Begin at the line below that holds "Banner Atividade Parlamentar" and end at the line that holds "LTD-61B LED light modules", transcribing each line exactly and skipping any picture.

------ Stored data ------

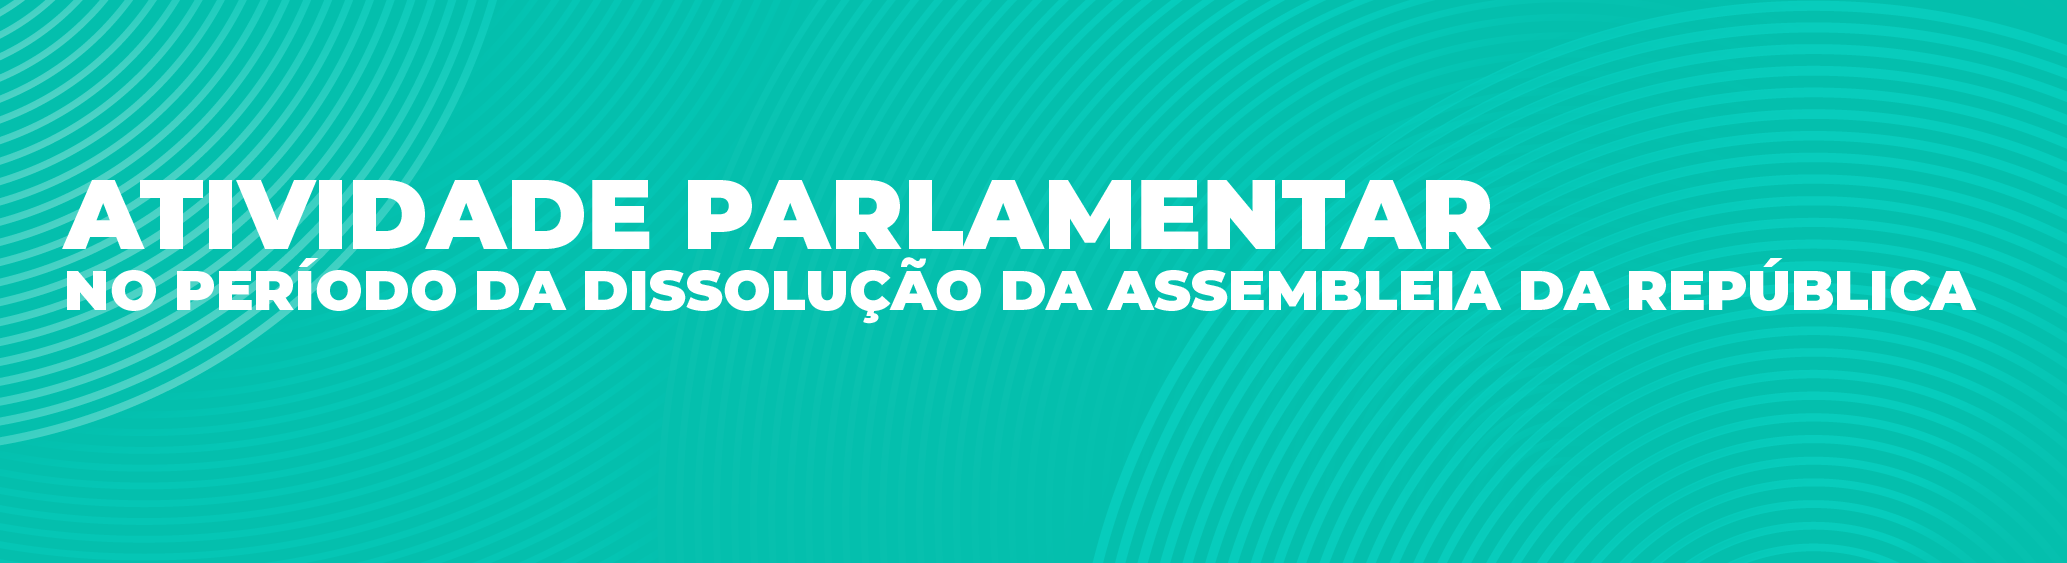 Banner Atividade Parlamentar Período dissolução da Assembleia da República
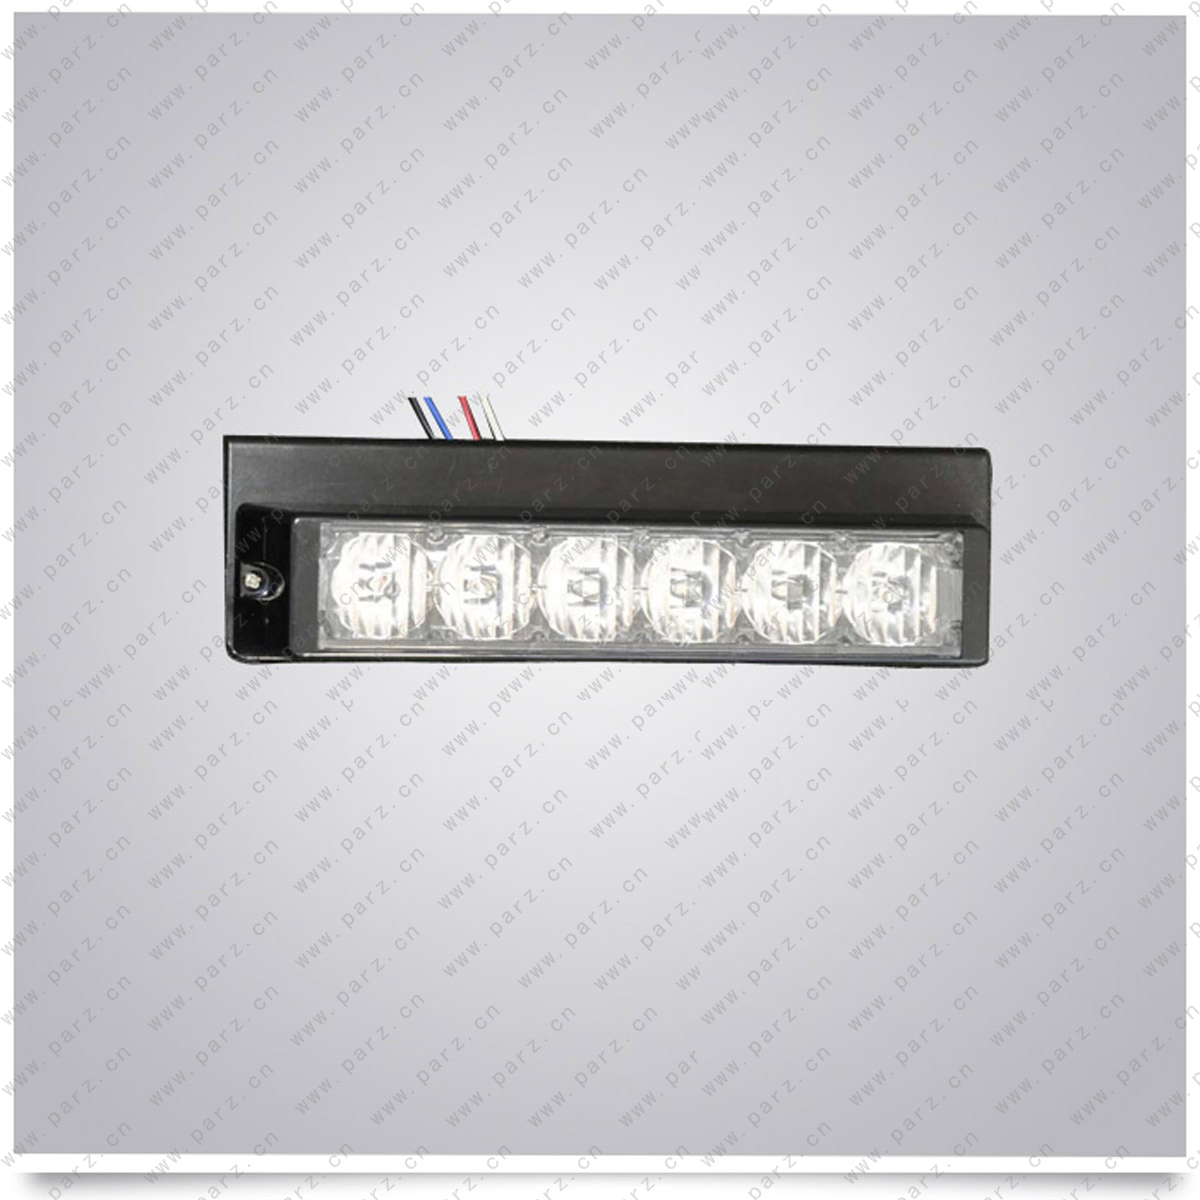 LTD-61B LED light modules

------
------ Stored data ------

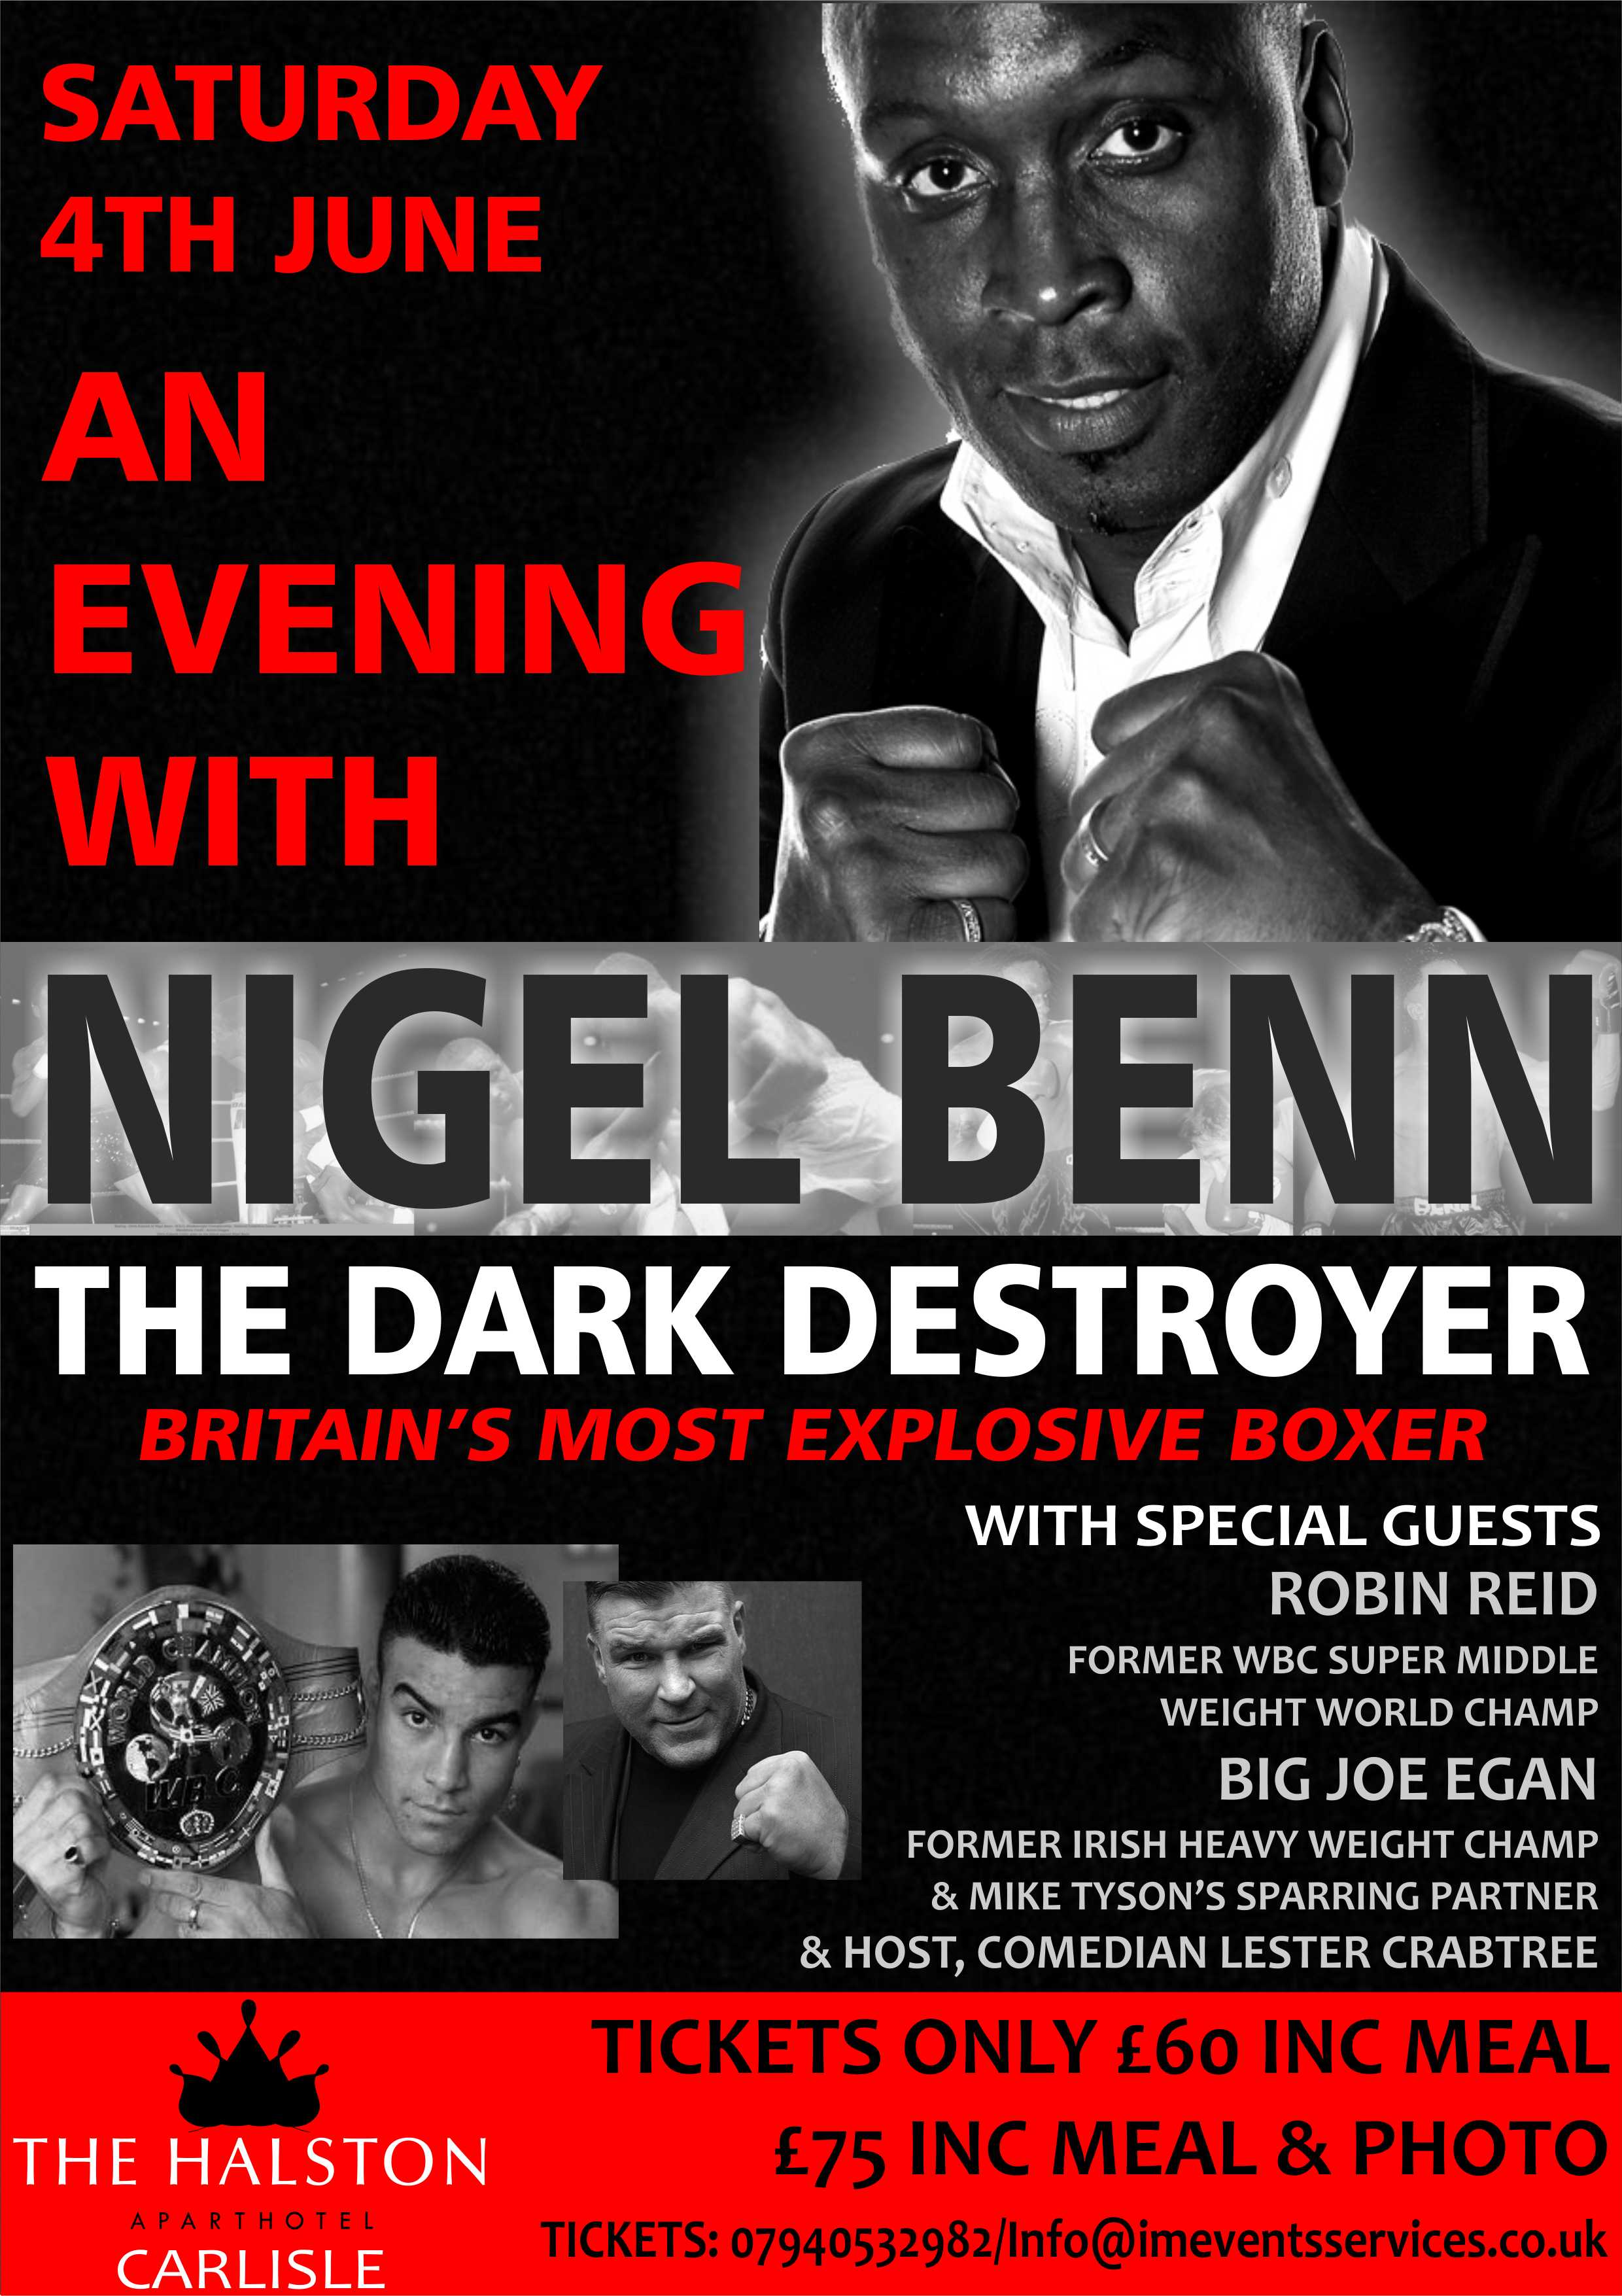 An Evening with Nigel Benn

------

Your response:
 Banner Atividade Parlamentar Período dissolução da Assembleia da República
 LTD-61B LED light modules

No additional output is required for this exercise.